(Extracted records Opens)

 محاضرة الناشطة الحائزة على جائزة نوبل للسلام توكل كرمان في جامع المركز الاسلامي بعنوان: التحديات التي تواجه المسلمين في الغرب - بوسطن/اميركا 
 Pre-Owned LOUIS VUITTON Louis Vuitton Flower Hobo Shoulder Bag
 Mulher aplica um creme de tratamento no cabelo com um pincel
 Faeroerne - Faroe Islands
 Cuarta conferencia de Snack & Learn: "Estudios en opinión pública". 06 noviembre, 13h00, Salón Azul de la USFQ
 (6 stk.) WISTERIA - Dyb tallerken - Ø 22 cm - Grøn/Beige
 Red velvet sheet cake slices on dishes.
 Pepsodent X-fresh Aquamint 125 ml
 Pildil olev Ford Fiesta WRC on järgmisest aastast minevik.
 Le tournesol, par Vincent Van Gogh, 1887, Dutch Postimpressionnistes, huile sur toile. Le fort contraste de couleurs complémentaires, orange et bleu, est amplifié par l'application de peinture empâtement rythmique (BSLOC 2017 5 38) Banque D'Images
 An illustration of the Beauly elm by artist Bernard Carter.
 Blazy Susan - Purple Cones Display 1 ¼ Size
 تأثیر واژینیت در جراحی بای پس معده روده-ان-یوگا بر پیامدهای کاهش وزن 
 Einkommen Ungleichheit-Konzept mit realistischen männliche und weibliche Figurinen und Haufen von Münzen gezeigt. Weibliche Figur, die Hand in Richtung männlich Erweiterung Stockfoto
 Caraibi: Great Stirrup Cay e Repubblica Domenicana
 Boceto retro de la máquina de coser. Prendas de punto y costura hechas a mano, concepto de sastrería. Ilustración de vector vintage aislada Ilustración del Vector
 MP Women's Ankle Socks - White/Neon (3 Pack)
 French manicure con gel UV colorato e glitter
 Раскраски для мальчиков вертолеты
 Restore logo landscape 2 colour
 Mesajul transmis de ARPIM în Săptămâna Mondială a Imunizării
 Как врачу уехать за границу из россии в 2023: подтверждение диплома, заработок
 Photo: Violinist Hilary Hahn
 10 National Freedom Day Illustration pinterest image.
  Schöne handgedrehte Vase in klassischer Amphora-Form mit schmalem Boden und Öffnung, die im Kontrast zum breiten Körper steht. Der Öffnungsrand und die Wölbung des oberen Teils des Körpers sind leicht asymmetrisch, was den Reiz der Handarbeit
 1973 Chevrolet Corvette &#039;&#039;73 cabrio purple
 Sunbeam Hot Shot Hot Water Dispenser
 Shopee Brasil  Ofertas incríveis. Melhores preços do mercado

(Extracted records Closes)

## What the task requires
Please copy the lines above from the line with "MP Women's Ankle Socks - White/Neon (3 Pack)" up to and including the line with "10 National Freedom", exactly as written and with nothing else.

## Worked solution
 MP Women's Ankle Socks - White/Neon (3 Pack)
 French manicure con gel UV colorato e glitter
 Раскраски для мальчиков вертолеты
 Restore logo landscape 2 colour
 Mesajul transmis de ARPIM în Săptămâna Mondială a Imunizării
 Как врачу уехать за границу из россии в 2023: подтверждение диплома, заработок
 Photo: Violinist Hilary Hahn
 10 National Freedom Day Illustration pinterest image.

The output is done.